A la première question, on pourra dire maintenant, avec le recul, qu’il s’agit de la première des nombreuses décisions désastreuses de ce bien problématique patriarcat de Constantinople. Et le but en est évidemment « l’œcuménisme », cette terrible hérésie moderne qui veut la réunion de l’Église avec qui lui est extérieur. Le but était donc mauvais. Aucun gain à déclarer pour répondre à la seconde question. Demandons alors : qu’avons-nous perdu ? nous avons introduit un schisme durable à l’intérieur du monde orthodoxe. Dans l’Église officielle et majoritaire, on présente la plupart du temps ces structures comme non canoniques. Il ne s’agit pas de la même chose que les structures fantaisistes avec des évêques auto-proclamés dont j’ai fait état dans un billet antérieur. Il s’agit de personnes en état de schisme pour avoir refusé dès le départ, la première étape de ce qui est aujourd’hui inacceptable, et qui a franchi les limites depuis le « concile » de Crète de 2016. Je dois leur reconnaître une chose, dès à présent : ils ont eu une clairvoyance que les autres n’ont pas eu. Ils ont vu, ou senti dès le départ qu’il s’agissait pour Constantinople de prendre une position de leadership non orthodoxe, non canonique, non historique. Leadership orienté vers la réunion avec Rome, ce qui est bien évidemment impossible, impensable. Le « non possumus » de nos frères aînés dans la foi résonne aujourd’hui : nous ne pouvons pas nous joindre à Rome, pour toutes les raisons que j’ai déjà expliquées dans d’autres billets : Rome n’est pas l’Église, Rome est hérétique sur plusieurs doctrines récentes, etc. Et de plus, pour le peu que je connais ce monde « non canonique » de vieux-calendaristes, nous avons également perdus la communion avec des gens bons, droits, précieux. Faisons le bilan : nous avons beaucoup perdus, rien gagné, et agi pour de mauvaises raisons. Dans le monde économique, une entreprise serait déjà revenue sur une décision aussi maladroite et contre-productive…

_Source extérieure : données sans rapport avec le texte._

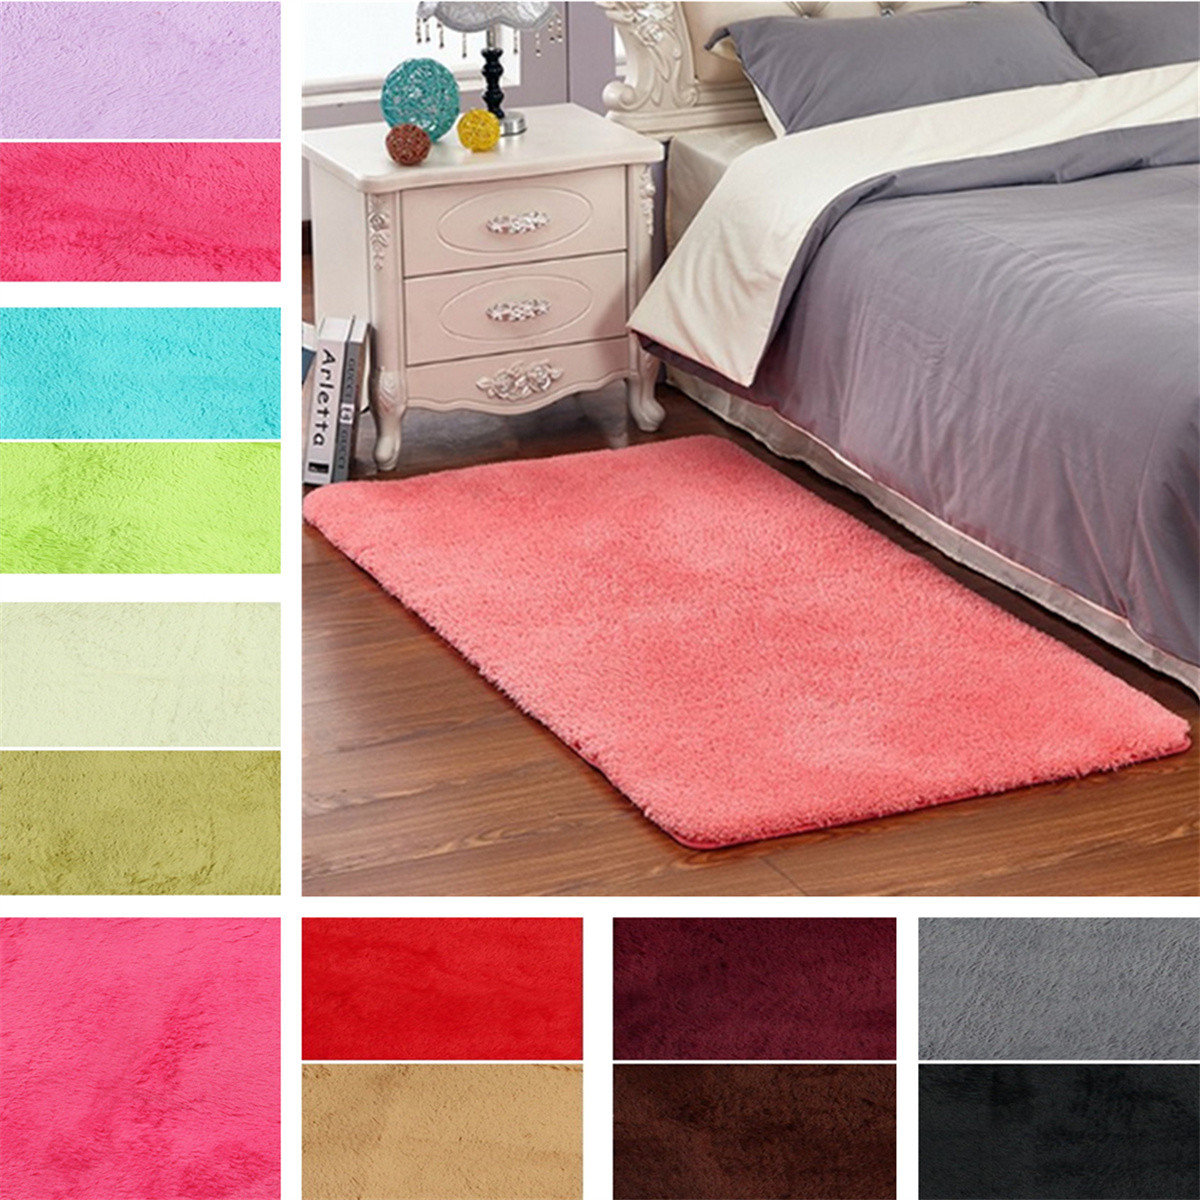 

60x120cm Shaggy Fluffy Rugs Anti-Skid Area Rug Dining Room Carpet Home Bedroom Floor Mat, Green fruit blue pink gray coffee red / rose rice white khaki purple green red wine red black

Les vieux-calendaristes avaient-ils raison au-delà de leur réaction instinctive ? Le calendrier est-il un objet qui mérite de faire un schisme ? J’ai déjà expliqué, que Jésus avait prêché dans un temple dont le calendrier avait changé avant son incarnation, et que donc, d’une certaine façon, la réaction essénienne, semblable à celle des vieux-calendaristes actuels était ainsi invalidée par le Seigneur lui-même. Il me semble aujourd’hui, que cette analyse est incomplète et impropre. Pourquoi ? Parce que je ne connais pas les détails de la réforme calendaire juive qui a mené les esséniens dans le désert. La réforme calendaire de 1920 est doublement problématique : elle n’est pas conciliaire, et n’est pas motivée par des raisons recevables mais bien par l’œcuménisme. Les vieux-calendaristes sont injustement réduits à cette problématique calendaire lorsque qualifiés ainsi au final. Ils ne se battent pas pour un calendrier comme un fétiche de vieux-croyants russes. Ils se battent contre l’œcuménisme, cet insidieux poison moderne qui pointe vers la religion mondiale.

En fait les vieux-calendaristes renvoient cette question : où commence la compromission avec l’inacceptable ? C’est finalement à cela que nous sommes confrontés lorsque nous contemplons ces plus ou moins grands groupes qui vivent et prient à côté de nous. Car, ce que disent ces structures est que chaque compromis ouvre la voie vers le compromis suivant. C’est comme le péché. Chaque péché, ouvre la voie vers un péché plus grand. Le calendrier, qui était un compromis qui pouvait sembler acceptable, alors que le prix était déjà élevé, ouvre la voie vers l’acceptation d’une papauté orthodoxe qui vendra l’orthodoxie sur l’autel de la réunification. Où la lutte est-elle la plus efficace contre ce mouvement puissant ? depuis l’Église « officielle » ou depuis ces structures plus modestes ? La question aujourd’hui, se pose avec acuité.